The task >>
Retype the whole listing verbatim and keep the pictures out of it.

Information supplied >>

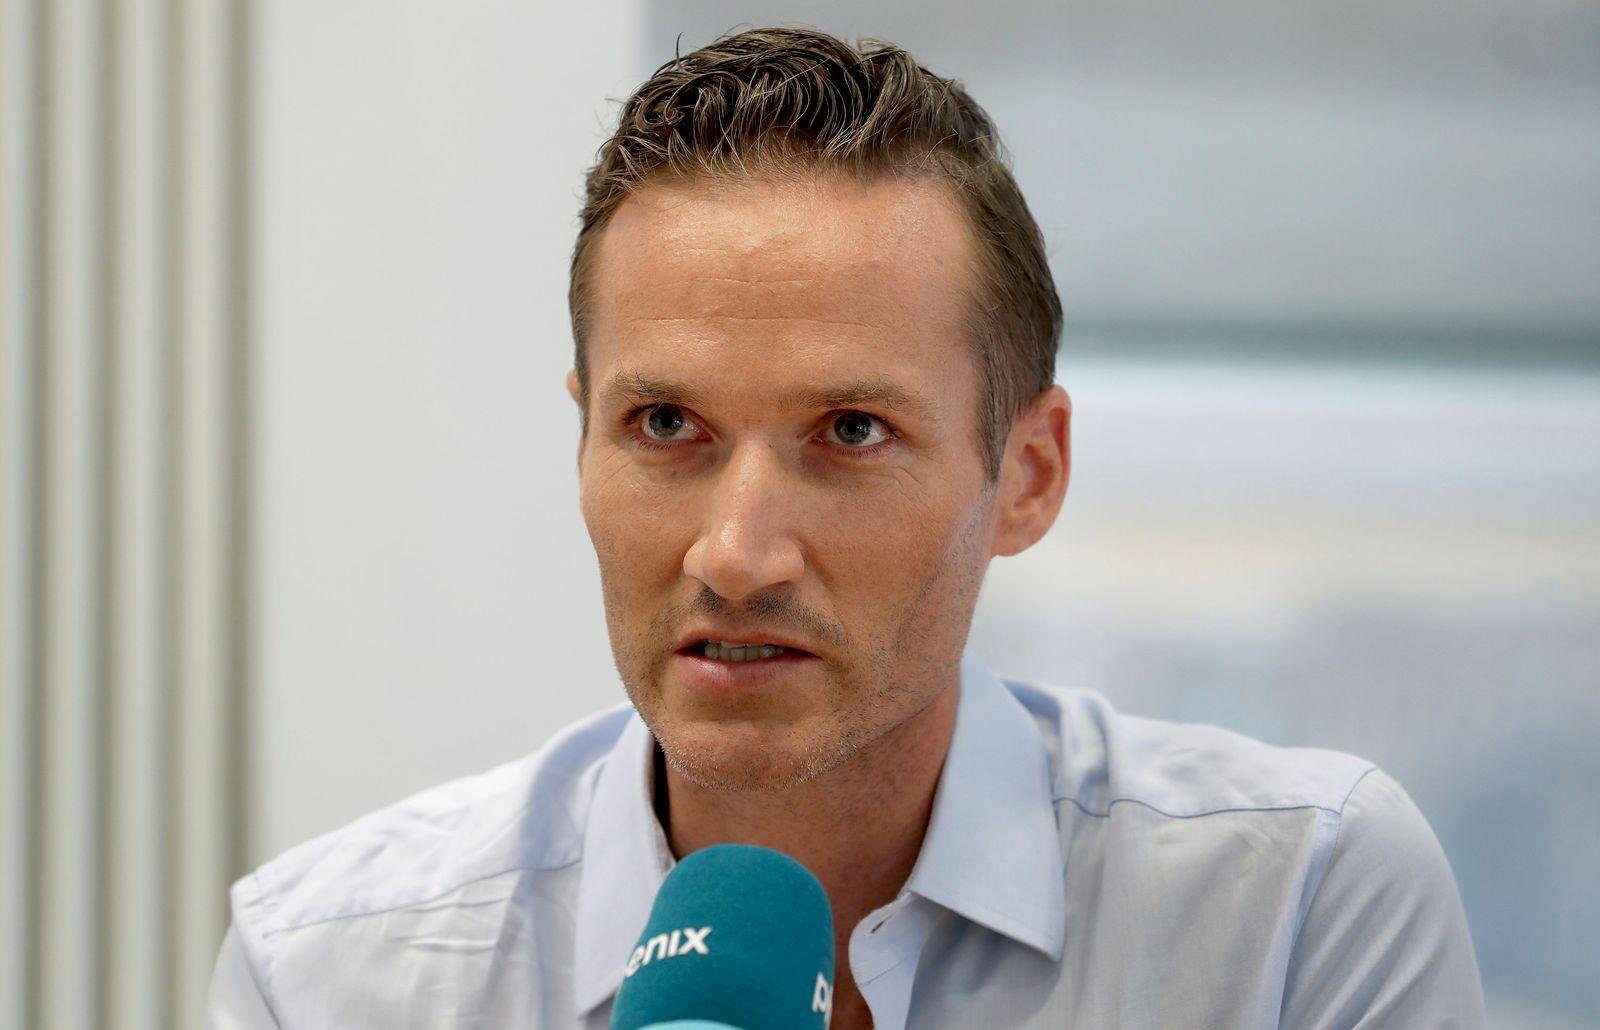 Niklas Oestberg
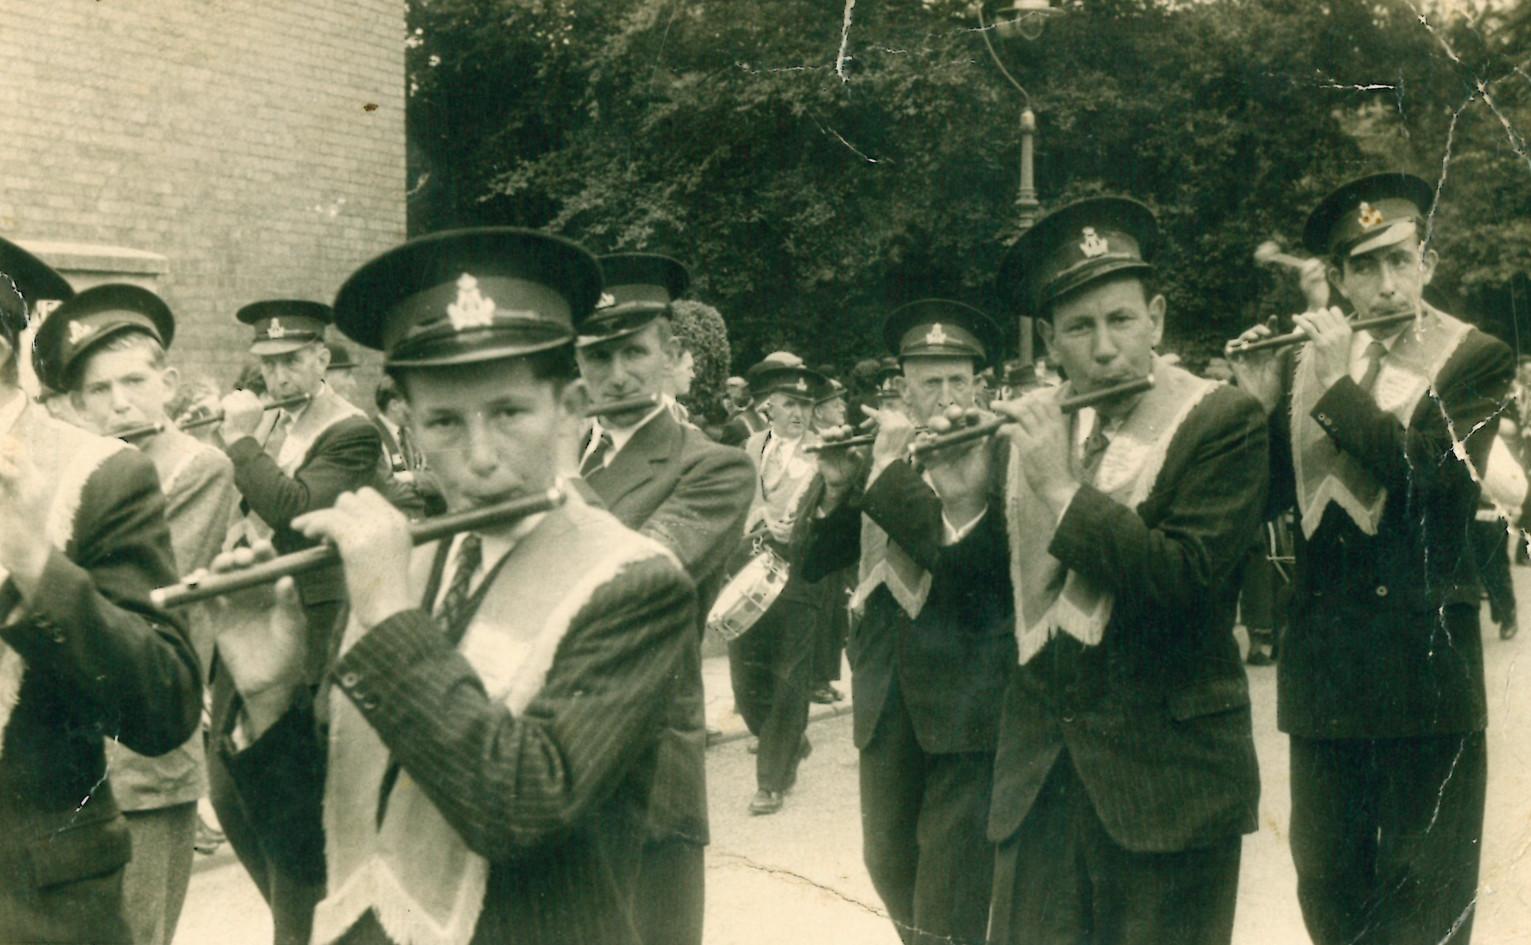 SAD293 Lavin Flute Band on Parade.jpg
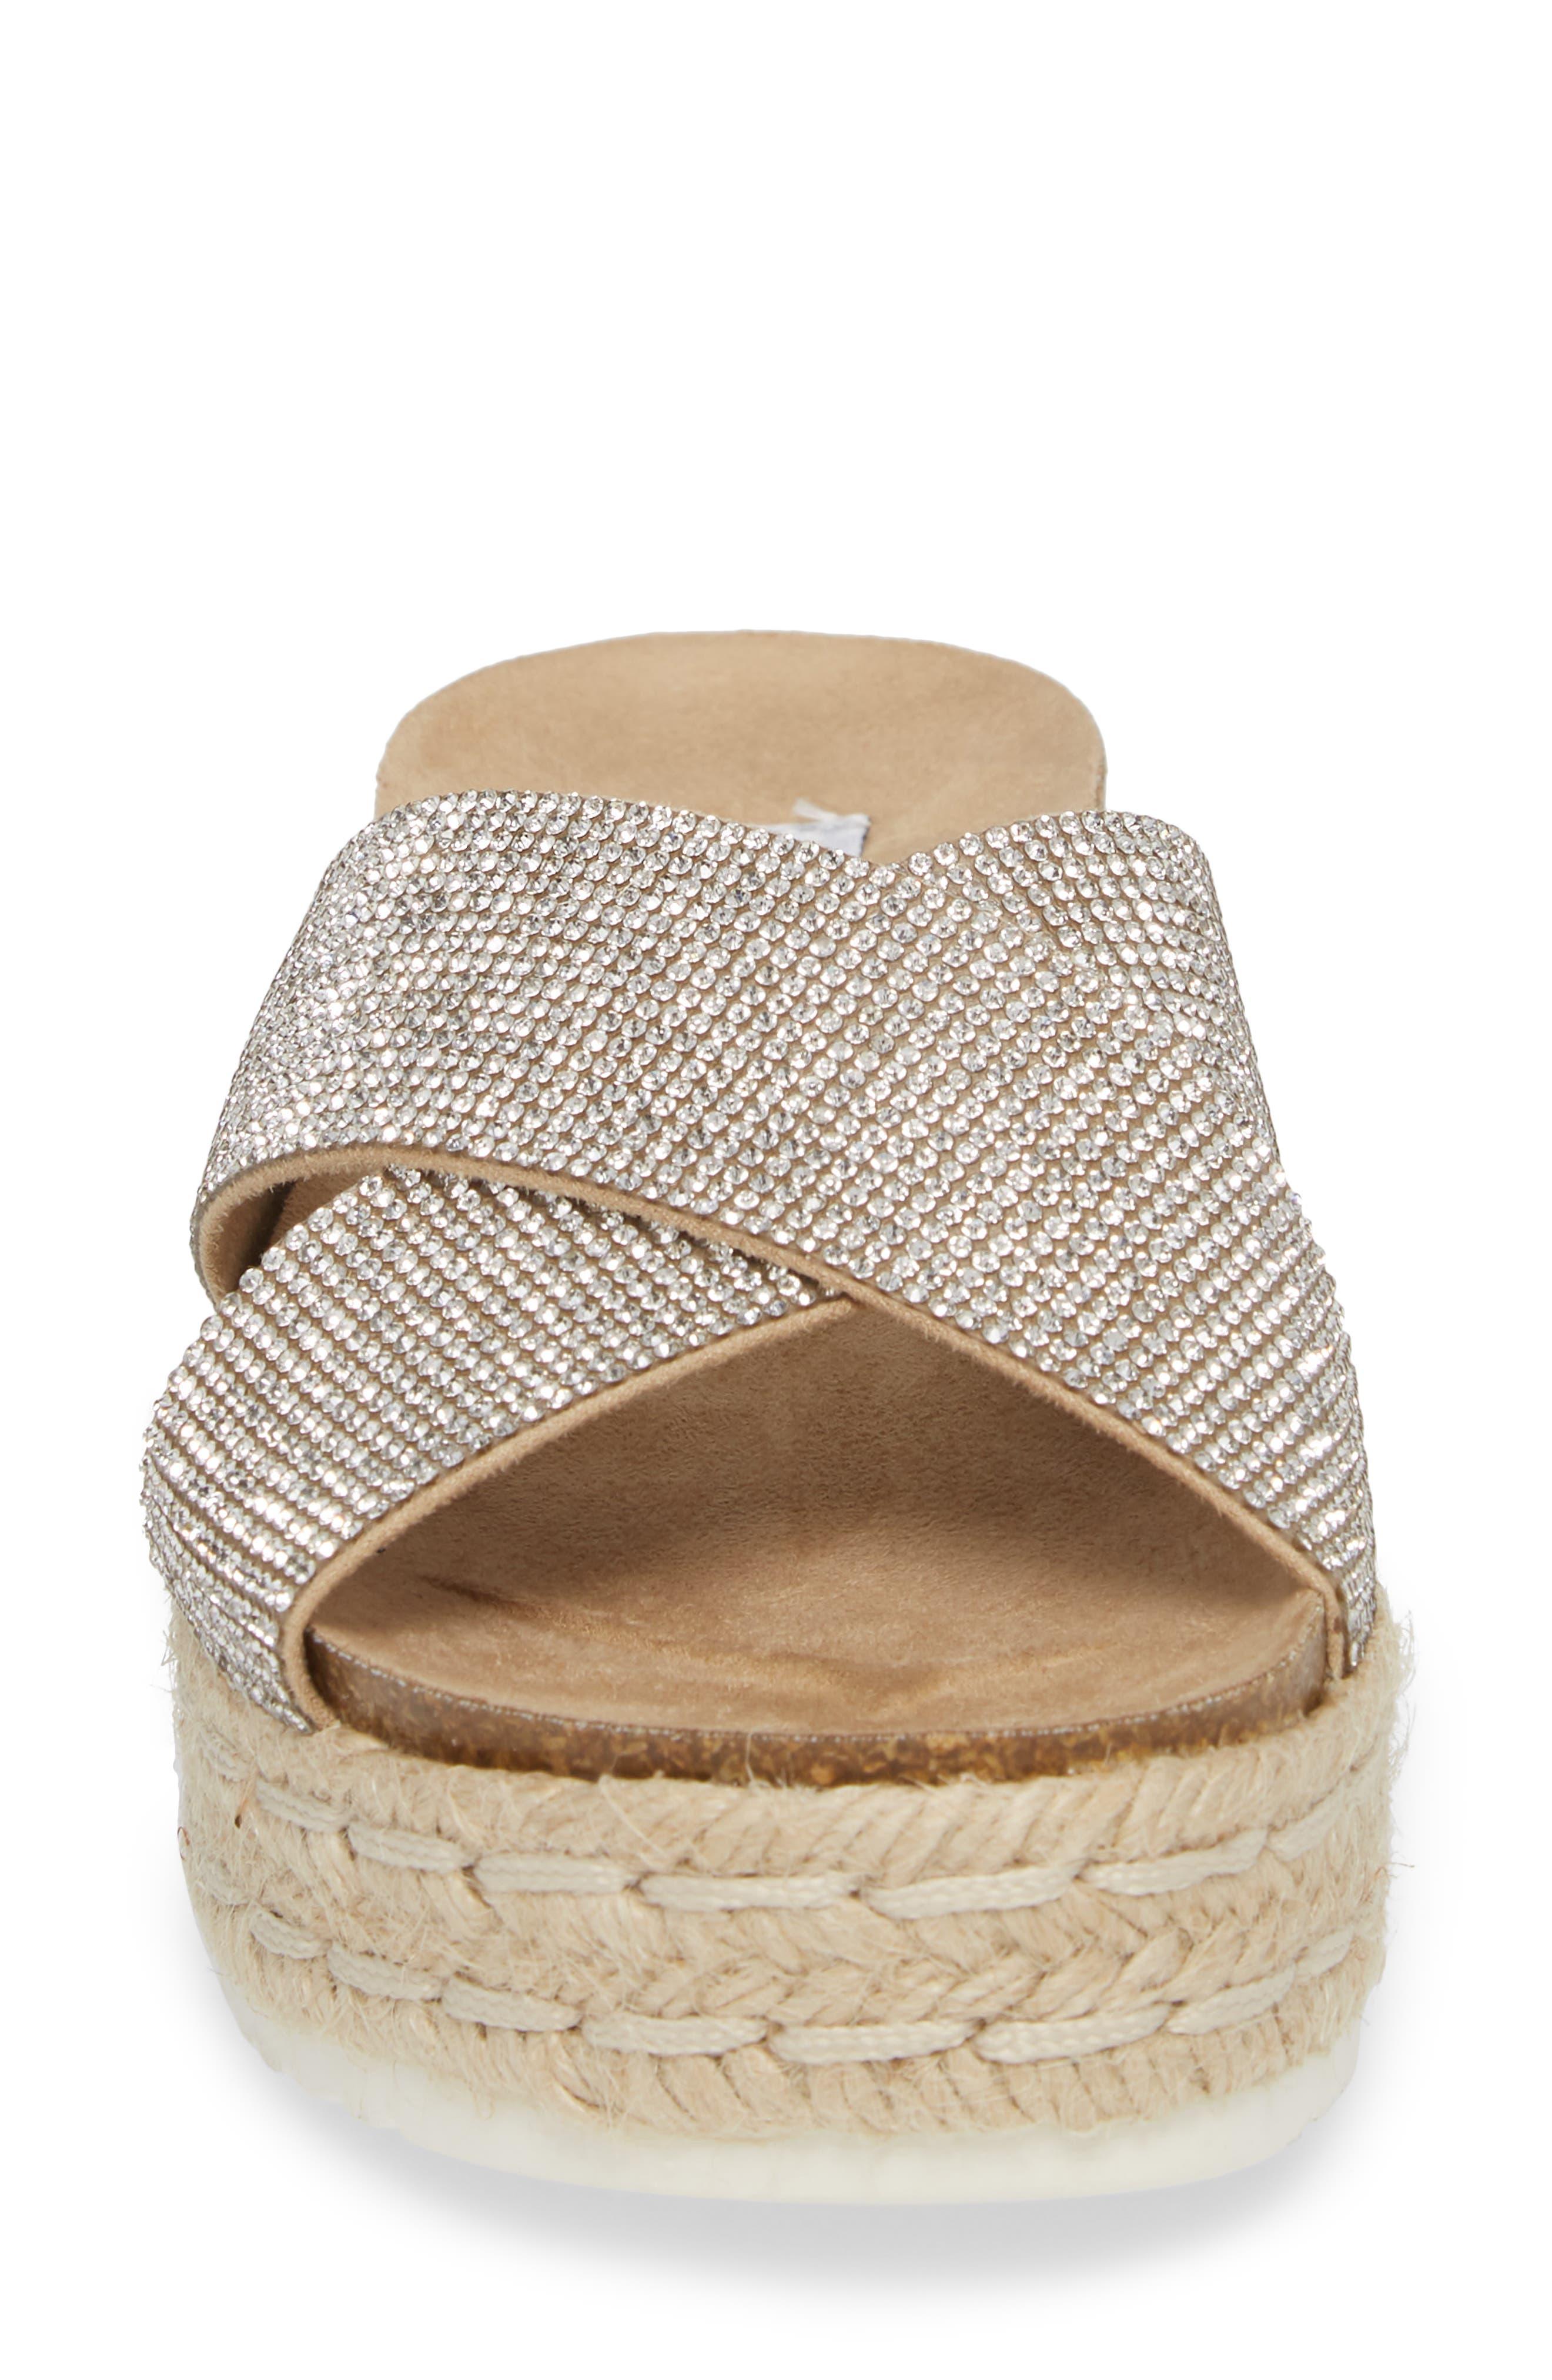 Arran-R Platform Espadrille Sandal,                             Alternate thumbnail 8, color,

Exercise response >>
 Niklas Oestberg
 SAD293 Lavin Flute Band on Parade.jpg
 Arran-R Platform Espadrille Sandal,                             Alternate thumbnail 8, color,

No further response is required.